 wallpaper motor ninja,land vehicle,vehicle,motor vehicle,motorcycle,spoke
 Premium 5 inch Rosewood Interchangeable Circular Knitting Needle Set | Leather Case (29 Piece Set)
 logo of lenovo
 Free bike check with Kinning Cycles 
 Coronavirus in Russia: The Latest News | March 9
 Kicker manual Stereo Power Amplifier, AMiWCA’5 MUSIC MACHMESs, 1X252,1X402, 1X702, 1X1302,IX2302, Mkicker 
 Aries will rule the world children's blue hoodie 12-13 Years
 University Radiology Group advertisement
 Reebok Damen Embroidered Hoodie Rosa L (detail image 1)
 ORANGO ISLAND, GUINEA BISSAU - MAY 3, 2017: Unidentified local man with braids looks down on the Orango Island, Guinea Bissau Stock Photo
★ ★ ★ ★
* **WHAT YOU ARE ASKED TO DO**: Each record above must be given again exactly.

* **ANSWER SECTION**:
 wallpaper motor ninja,land vehicle,vehicle,motor vehicle,motorcycle,spoke
 Premium 5 inch Rosewood Interchangeable Circular Knitting Needle Set | Leather Case (29 Piece Set)
 logo of lenovo
 Free bike check with Kinning Cycles 
 Coronavirus in Russia: The Latest News | March 9
 Kicker manual Stereo Power Amplifier, AMiWCA’5 MUSIC MACHMESs, 1X252,1X402, 1X702, 1X1302,IX2302, Mkicker 
 Aries will rule the world children's blue hoodie 12-13 Years
 University Radiology Group advertisement
 Reebok Damen Embroidered Hoodie Rosa L (detail image 1)
 ORANGO ISLAND, GUINEA BISSAU - MAY 3, 2017: Unidentified local man with braids looks down on the Orango Island, Guinea Bissau Stock Photo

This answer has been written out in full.